Дичи в лесах в последнее время по какой-то причине становилось все меньше, на фермах исчезала домашняя птица, необъяснимо редко попадались зайцы, и до Чиля доходили жалобы, что с пастбищ уносят ягнят – живьем. Можно ли было предположить, что этот дикий юноша и в самом деле промышляет в окрестностях с какой-нибудь умной охотничьей собакой? Он говорил, что охотится по ночам «на четвереньках», но ведь он же намекнул, что к нему ни одна собака не подойдет, «особенно ночью». Чудеса, да и только. Ван Чиль продолжал размышлять об исчезновениях, имевших место в последние месяц-два, как вдруг вспомнил о ребенке, пропавшем два месяца назад. Все сходилось на том, что дитя свалилось в мельничный лоток и его унесло потоком воды; однако мать настаивала, что слышала крик, донесшийся из-за дома, оттуда, куда уходит вода. Это, конечно, невероятно, но лучше бы юноша не делал жуткого признания в том, что лакомился ребенком два месяца назад. Такие ужасные вещи даже в шутку не говорят.

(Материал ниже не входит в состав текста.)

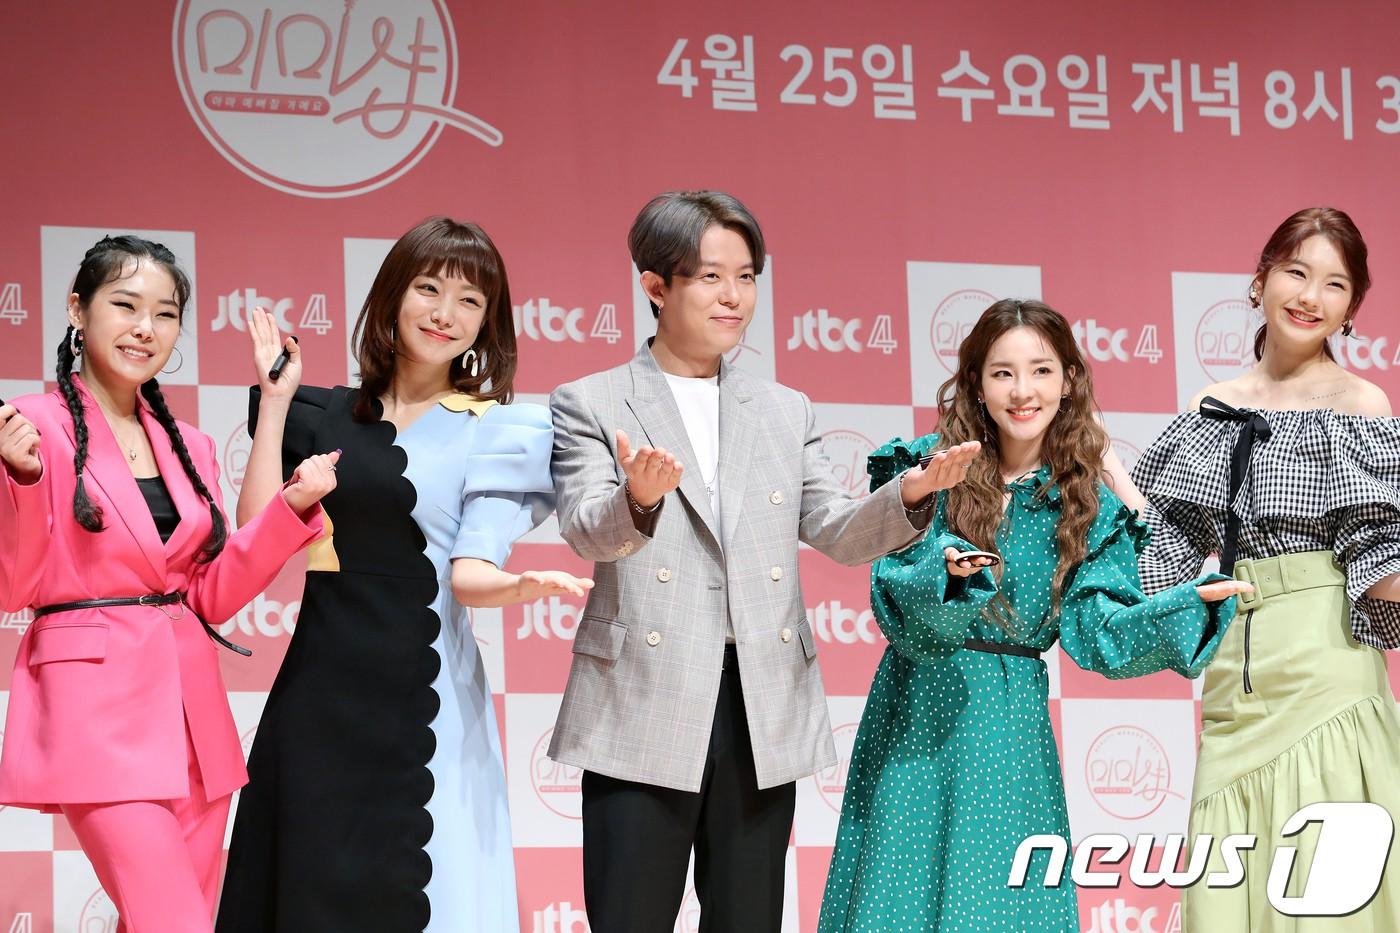 Bị hỏi về tung tích Park Bom hậu bê bối chất cấm, phản ứng của Dara đã khiến mạng xã hội dậy sóng - Ảnh 7.

Вопреки обыкновению, Ван Чиль не ощутил желания кому-либо рассказать о встрече в лесу. Будучи членом приходского совета и мировым судьей, он как бы ставил под угрозу свое положение – он же предоставлял приют в своих владениях существу столь сомнительной репутации; не исключалась и возможность того, что ему предъявят солидный счет за пропавших барашков и исчезнувшую домашнюю птицу.
За ужином в тот вечер он был крайне молчалив.
– Куда делся твой голос? – спросила его тетушка. – Можно подумать, ты в лесу волка встретил.
Ван Чиль, не будучи знаком со старинной присказкой, подумал, что замечание тетушки весьма глупое; уж если бы ему довелось встретить в лесу волка, он бы не упустил случая поговорить об этом вволю.
На следующее утро, за завтраком, Ван Чиль поймал себя на мысли, что чувство беспокойства, возникшее в связи со вчерашним происшествием, так и не покинуло его, и он решил отправиться поездом в соседний город, отыскать там Каннингэма и выведать, что же он такое увидел, что заставило его сделать замечание о диком звере в лесу. Такое решение вернуло отчасти присущее Ван Чилю бодрое расположение духа, и, напевая веселую песенку, он неторопливо направился в кабинет за папироской, которую любил выкурить после завтрака. Едва он вошел в кабинет, как песенка оборвалась, уступив место благочестивому восклицанию. На оттоманке, развалясь в неприхотливой позе, возлежал лесной юноша. Он был не такой мокрый, как тогда, когда Ван Чиль его увидел, однако «одет» он был как тогда.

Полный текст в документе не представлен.